Let’s benchmark both approaches:

julia
a = rand(1000); b = rand(1000); c = similar(a);

import BenchmarkTools: @benchmark, @btime, @belapsed
display(@benchmark add_loop!($c, $a, $b))
Output
BenchmarkTools.Trial: 10000 samples with 988 evaluations per sample.
 Range (min … max):  46.154 ns … 484.211 ns  ┊ GC (min … max): 0.00% … 0.00%
 Time  (median):     54.453 ns               ┊ GC (median):    0.00%
 Time  (mean ± σ):   54.737 ns ±   7.416 ns  ┊ GC (mean ± σ):  0.00% ± 0.00%

              ▁          ▁  █▂  ▆                               
  ▂▁▄▄▁▃█▁▂▆▂▂█▂▂▆▆▃▂▆▅▃▄█▃▄██▄▄█▅▃▃▆▃▃▂▅▄▄▆▆▂▃▂▆▂▂▂▃▂▁▁▁▁▁▁▁▁ ▃
  46.2 ns         Histogram: frequency by time         64.7 ns <

 Memory estimate: 0 bytes, allocs estimate: 0.
julia
display(@benchmark add_vectorised!($c, $a, $b))
Output
BenchmarkTools.Trial: 10000 samples with 987 evaluations per sample.
 Range (min … max):  50.760 ns … 337.386 ns  ┊ GC (min … max): 0.00% … 0.00%
 Time  (median):     59.878 ns               ┊ GC (median):    0.00%
 Time  (mean ± σ):   58.932 ns ±   5.865 ns  ┊ GC (mean ± σ):  0.00% ± 0.00%

  ▄  ▅  ▆▁ ▄▁  ▆▂▁▄▃▁▃▅▁▁▂▅▂▂▁█▄▄▄▅▇▅▃▁▄▂▄ ▁ ▂▁                ▂
  █▄▆█▇▇███████████████████████████████████████▇███▅▇▆▆▆▅█▆▇▇▆ █
  50.8 ns       Histogram: log(frequency) by time      69.9 ns <

 Memory estimate: 0 bytes, allocs estimate: 0.

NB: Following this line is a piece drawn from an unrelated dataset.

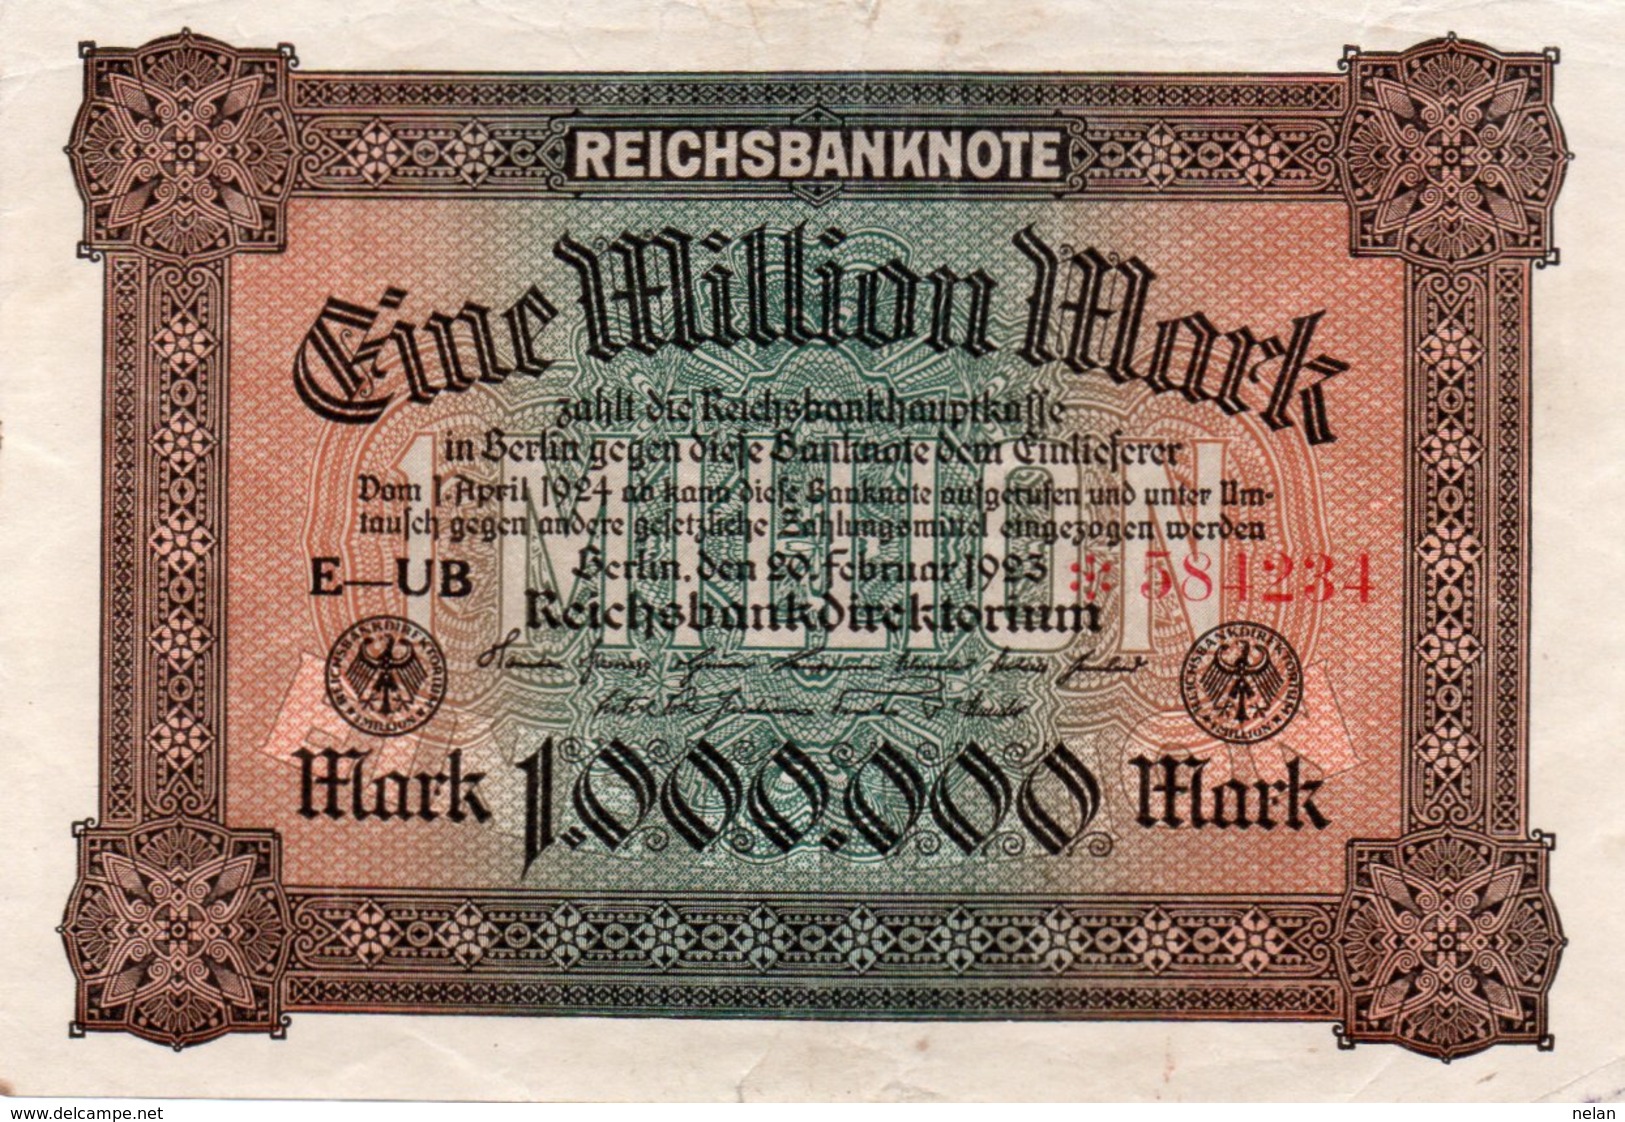 GERMANIA-REICHSBANKNOTE-1 MILL MARK 1923-  P-86a    XF++ UNIFACE  CON ASTERISC RARISSIMA - 1 Mio. Mark

As we can see, the performance is essentially identical.

However, there are still reasons for preferring vectorisation in Julia. The first reason is readability and maintainability. The broadcast notation (the vectorised notation) is very powerful and can make the code look much cleaner, and hence easier to maintain over time due to the simplicity. On the other hand, even though running native code has practically negligible differences between vector and loop form, if one would like to extend one’s algorithm to run on the GPU, then the vectorised form can be easily (and automatically) translated into efficient GPU kernels. Usually, this can be done without having to change a single line of the source code, only changing the types of the arrays. This means you can have the same code executing on both the CPU and the GPU, which is incredibly powerful. This expressive power massively reduces developer time (since there is only one implementation of an algorithm), while also reducing the effort spent on testing.